▶ **Required action**: Go through the lines below and repeat each one exactly, skipping pictures.

Start of Collected material

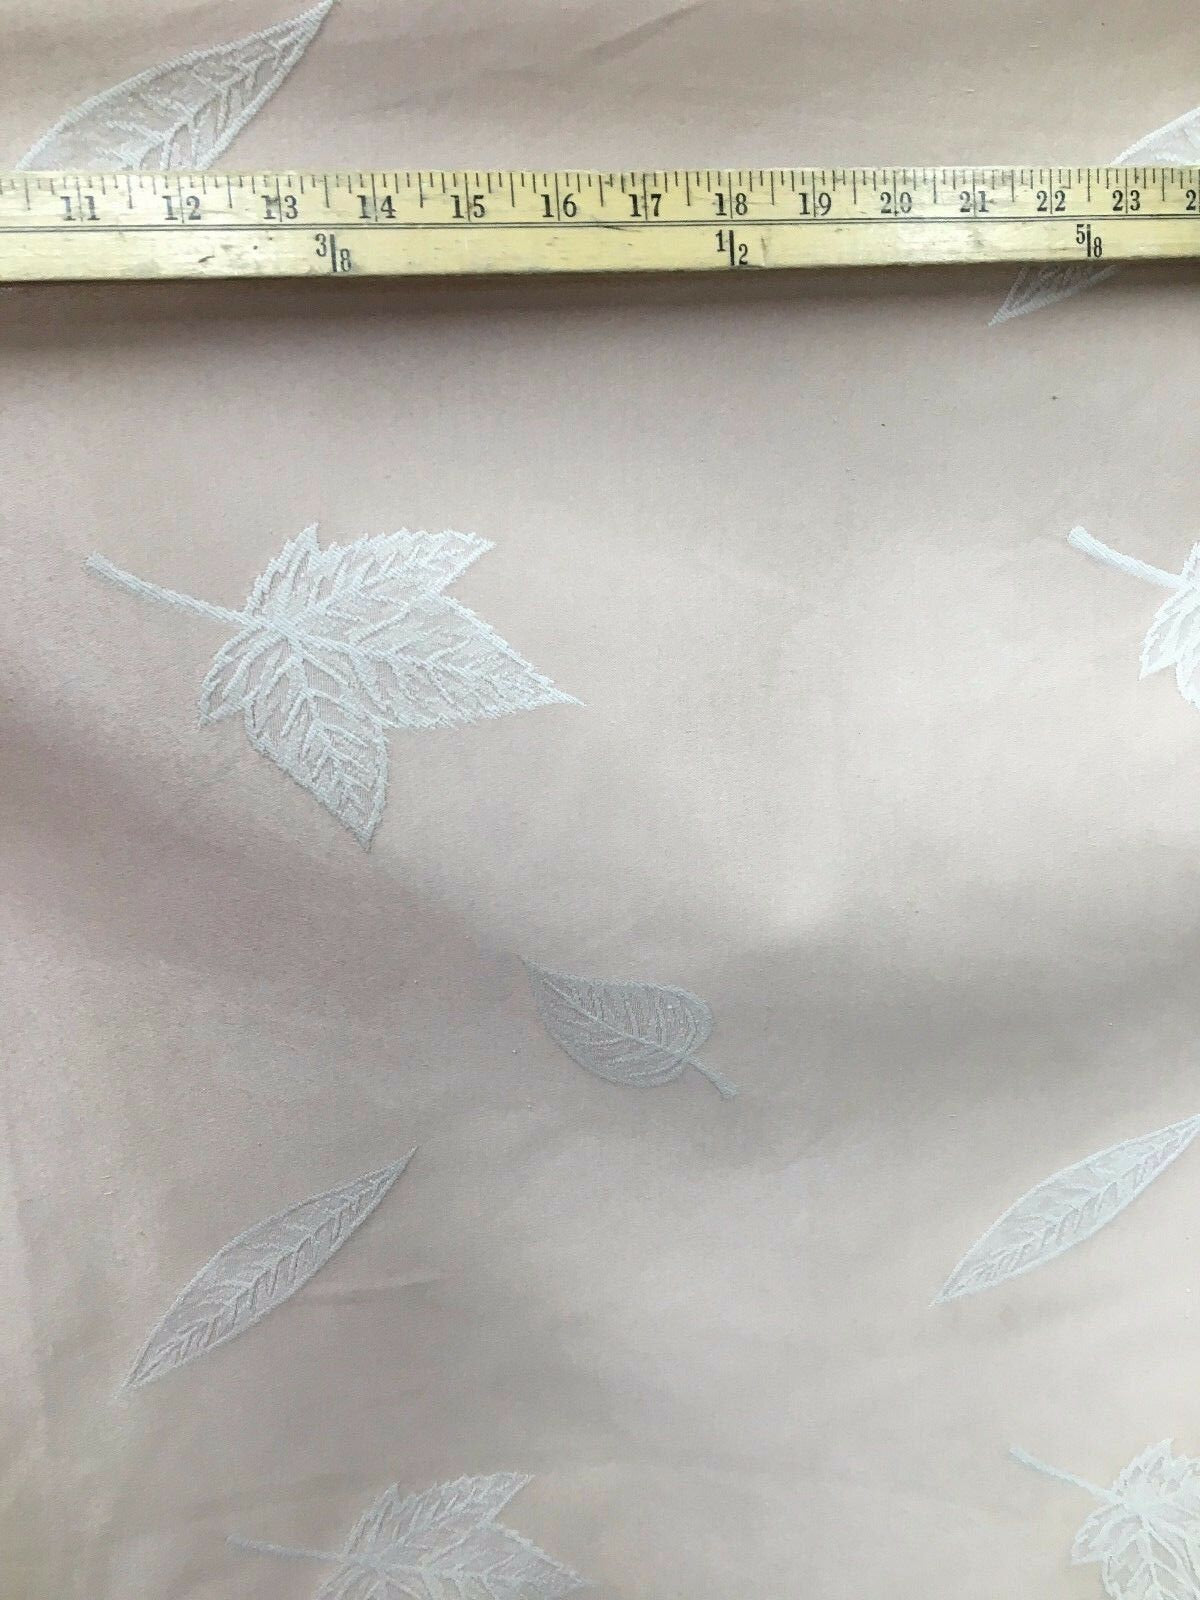 PEACH WHITE Leaves Brocade Upholstery Drapery Fabric (54 in.) Sold By The Yard
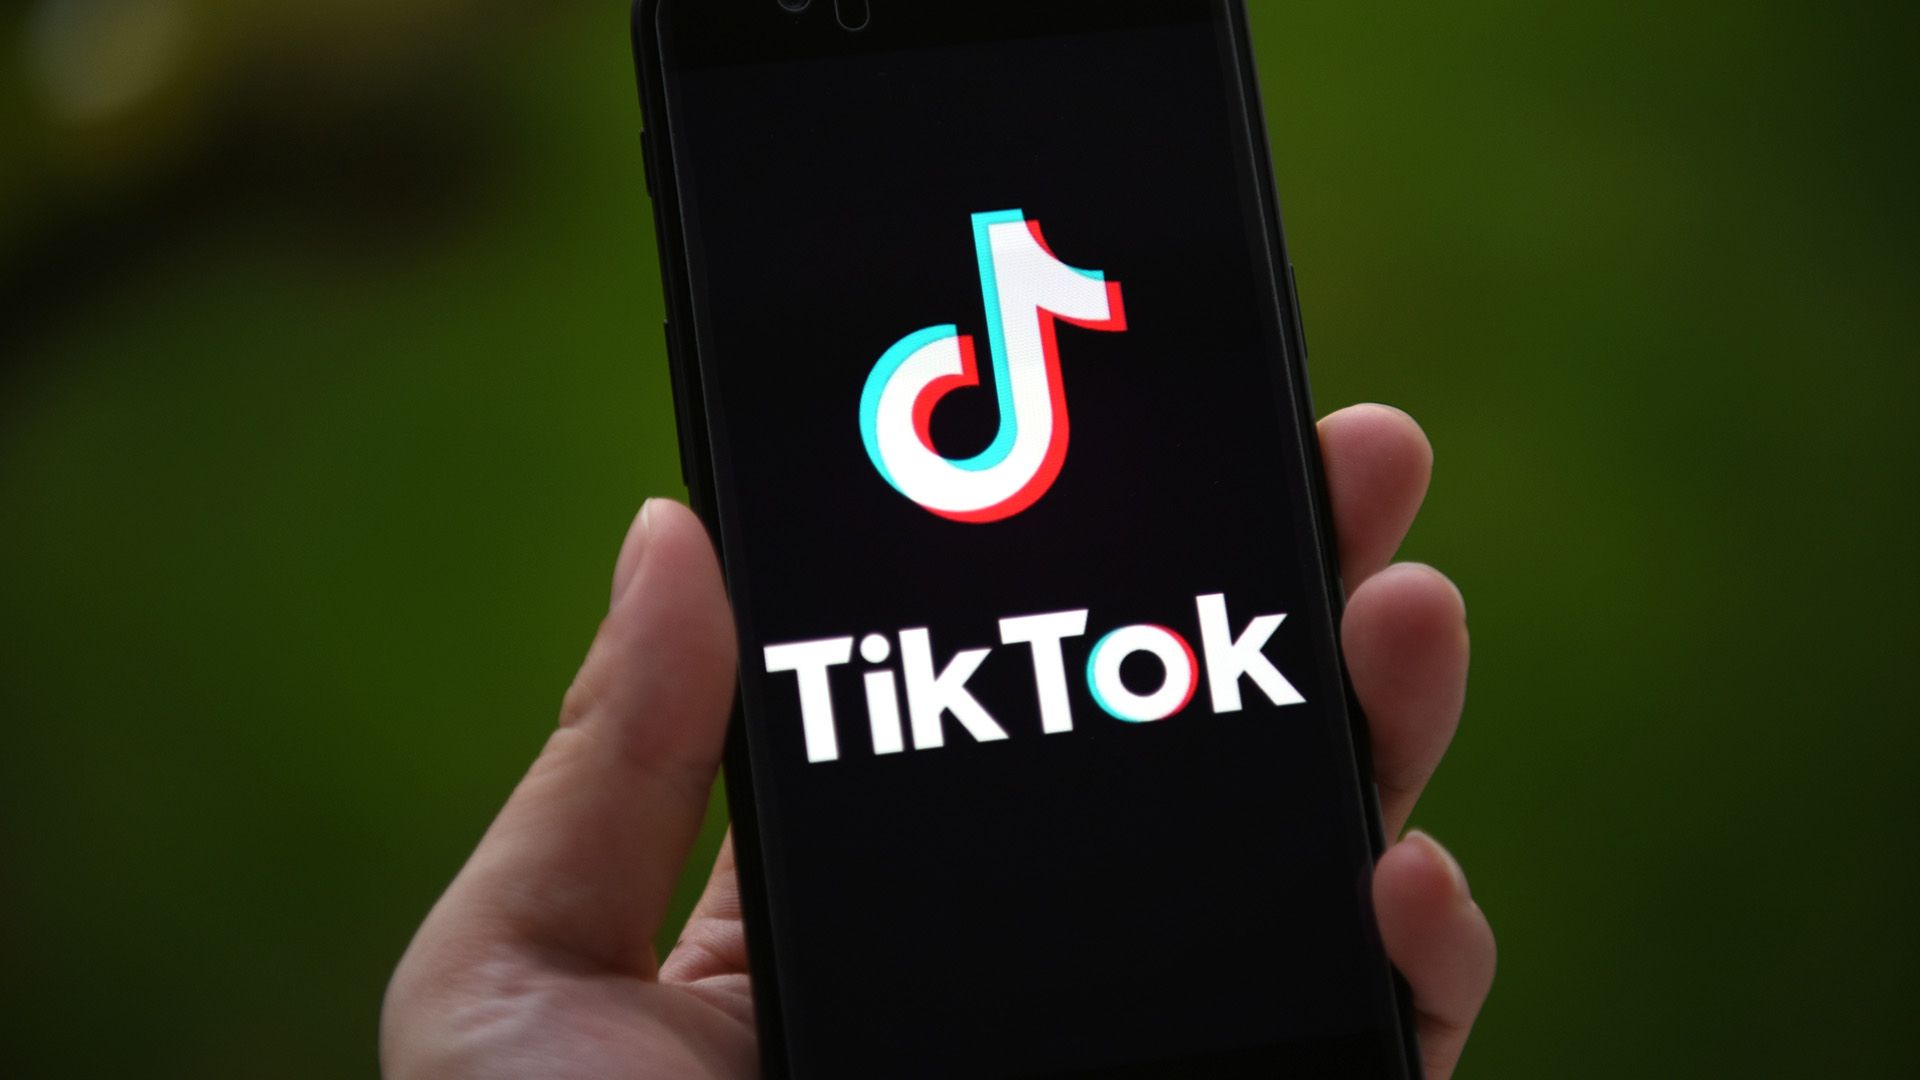 TikTok appearances initial augmented reality filter that utilizes iPhone 12 Pro’s LIDAR camera
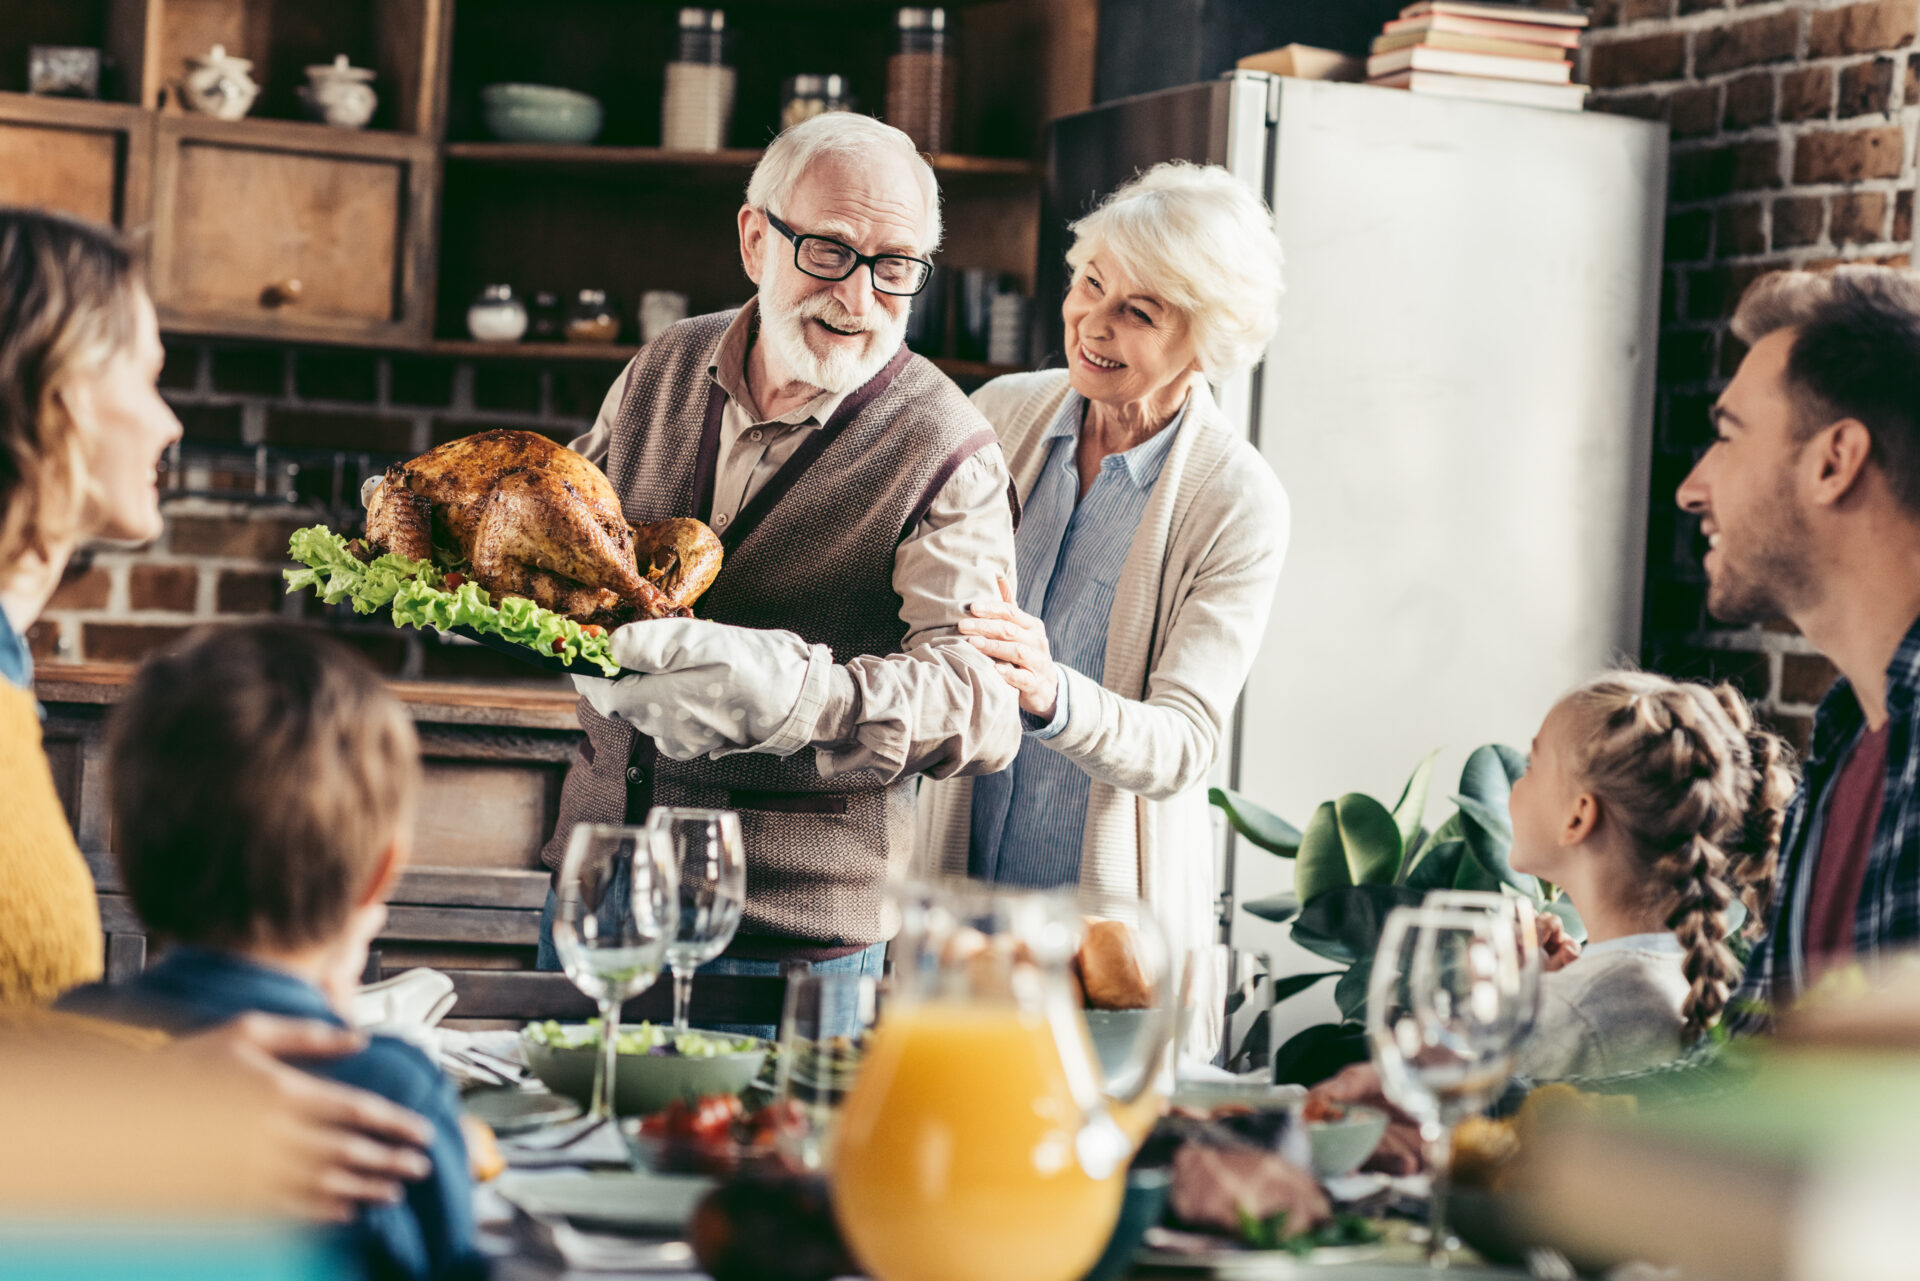 A grandfather and grandmother serve a turkey at the dinner table to their family. The elderly couple are smiling.

End of Collected material

▶ **Task answer**:
 PEACH WHITE Leaves Brocade Upholstery Drapery Fabric (54 in.) Sold By The Yard
 TikTok appearances initial augmented reality filter that utilizes iPhone 12 Pro’s LIDAR camera
 A grandfather and grandmother serve a turkey at the dinner table to their family. The elderly couple are smiling.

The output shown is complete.